Kawazoe Hitoshi, Sumikawa Satomi, Nakauchi Kana, Yakushijin Yoshihiro, Yamamoto Yuji, Watanabe Yuji, Tanaka Akihiro, Araki Hiroaki
Division of Pharmacy, Ehime University Hospital, Shitsukawa, Toon, Ehime, Japan.
Division of Nursing, Ehime University Hospital, Shitsukawa, Toon, Ehime, Japan.
Int J Clin Pharm. 2017 Dec;39(6):1291-1297. doi: 10.1007/s11096-017-0536-1. Epub 2017 Oct 13.

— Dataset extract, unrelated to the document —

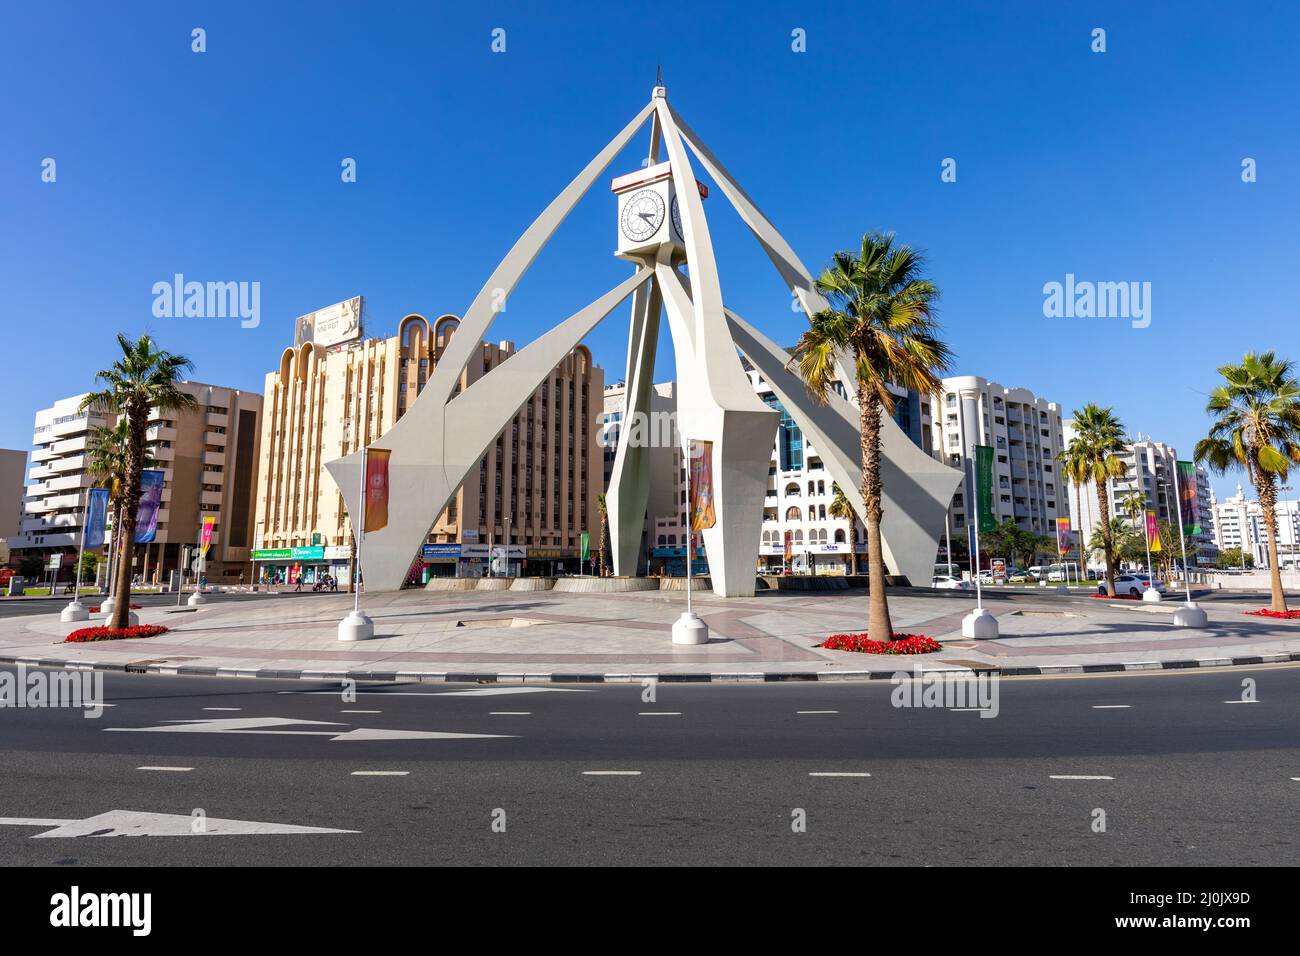 Deira horloge tour rond-point, un vieux point de repère de Dubaï construit en 1965. Émirats arabes Unis. Moyen-Orient. Banque D'Images

Background Venous pain induced by peripheral intravenous administration of oxaliplatin remains clinically unresolved. Objective The aim of this study was to determine the efficacy of comprehensive intervention care for venous pain in colorectal cancer patients receiving oxaliplatin. Setting A Japanese tertiary hospital. Method We treated all outpatients after April 2012 with comprehensive intervention care including pre-warming of the oxaliplatin solution, use of a hot compress, and pH adjustment by combination with dexamethasone. We retrospectively reviewed the electronic medical records from colorectal cancer patients who had received oxaliplatin via a peripheral vein between December 2009 and June 2014. Main outcome measures The primary endpoint of this study was the incidence of venous pain at the administration site during oxaliplatin infusion, according to injection site reaction grade ≥ 2. Results We evaluated 271 treatment courses in 59 patients. Venous pain occurred in 42 courses (15.5%) among 26 patients. Multivariate logistic regression analysis revealed that female gender and body mass index ≥ 25 kg/m were significantly associated with an increased risk of venous pain during all courses (adjusted odds ratio [OR]: 3.18, 95% confidence interval [CI] 1.35-7.92; P < 0.01; and adjusted OR: 3.37, 95% CI 1.26-9.40; P = 0.02, respectively), whereas comprehensive intervention care were significantly associated with reduced risk of venous pain during all courses (adjusted OR: 0.10, 95% CI 0.02-0.44; P < 0.01). Conclusion Comprehensive intervention care is a clinical treatment option for oxaliplatin-induced peripheral venous pain in patients with colorectal cancer, especially females with obesity.
背景 外周静脉输注奥沙利铂引起的静脉疼痛在临床上仍未得到解决。
目的 本研究旨在确定综合干预护理对接受奥沙利铂治疗的结直肠癌患者静脉疼痛的疗效。
地点 日本一家三级医院。
方法 自2012年4月起,我们对所有门诊患者采用综合干预护理,包括奥沙利铂溶液预加温、热敷以及联合地塞米松进行pH值调节。我们回顾性分析了2009年12月至2014年6月期间经外周静脉接受奥沙利铂治疗的结直肠癌患者的电子病历。
主要观察指标 本研究的主要终点是根据注射部位反应分级≥2级,在奥沙利铂输注期间给药部位静脉疼痛的发生率。
结果 我们评估了59例患者的271个疗程。26例患者的42个疗程(15.5%)出现静脉疼痛。多因素逻辑回归分析显示,女性和体重指数≥25kg/m在所有疗程中均与静脉疼痛风险增加显著相关(校正比值比[OR]:3.18,95%置信区间[CI]1.35 - 7.92;P<0.01;校正OR:3.37,95%CI 1.26 - 9.40;P = 0.02),而综合干预护理在所有疗程中均与静脉疼痛风险降低显著相关(校正OR:0.10,95%CI 0.02 - 0.44;P<0.01)。
结论 综合干预护理是结直肠癌患者奥沙利铂所致外周静脉疼痛的一种临床治疗选择,尤其是肥胖女性患者。